According to Russell more than 40 scholars were asking to get access to the Butler collection by the time she was done processing and cataloguing all the items. In the past two years, it has been used nearly 1,300 times – or roughly 15 times each week, making it one of the most actively researched archives at The Huntington.
“I was not familiar with her beforehand; it’s a shame because she’s so amazing,” confesses Russell. “But I hope that everybody can have the same experience I had while I sorted through all the materials she left behind – that it’s okay to start fresh. Be prepared to be amazed and entertained, to experience something new, and thought-provoking. She was a very shy, private person, but she has a big presence on the page; she has so much to say. Some of those inner thoughts and the struggles she underwent to become the person that she was is a story we can all be inspired by.”

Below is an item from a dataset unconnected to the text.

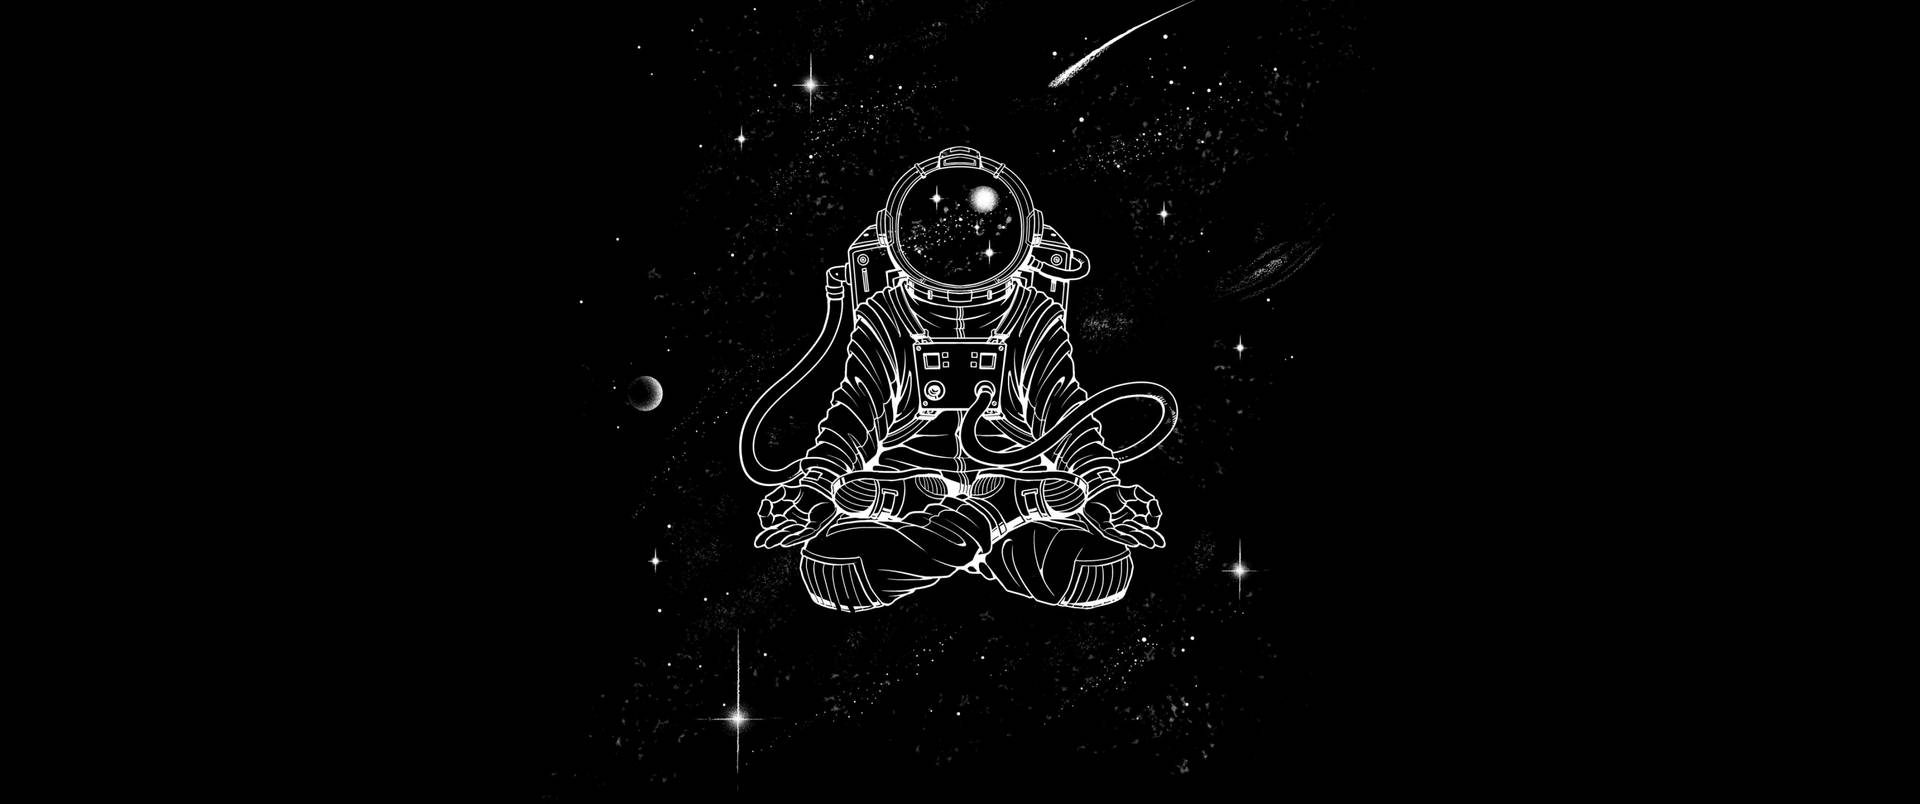 Black And White Astronaut Yoga Art Wallpaper

“When I look back at the things I sifted through in the collection, I think of the highlights, themes, and things that were important to Butler and how to share her with the world. That’s what I hope I have done with this exhibit,” concludes Russell.
After having lived in Seattle for several years, Butler had planned on returning to Pasadena. She died suddenly in 2006 before she realized that wish, but her literary archive has come home to reside permanently in The Huntington. Here scholars can come to examine the life and work of this extraordinary woman.
She lived but 58 years but her legacy will endure far longer than her existence on earth. Generations of future writers, and people from all walks of life, will find inspiration from Octavia E. Butler – a woman ahead of her time.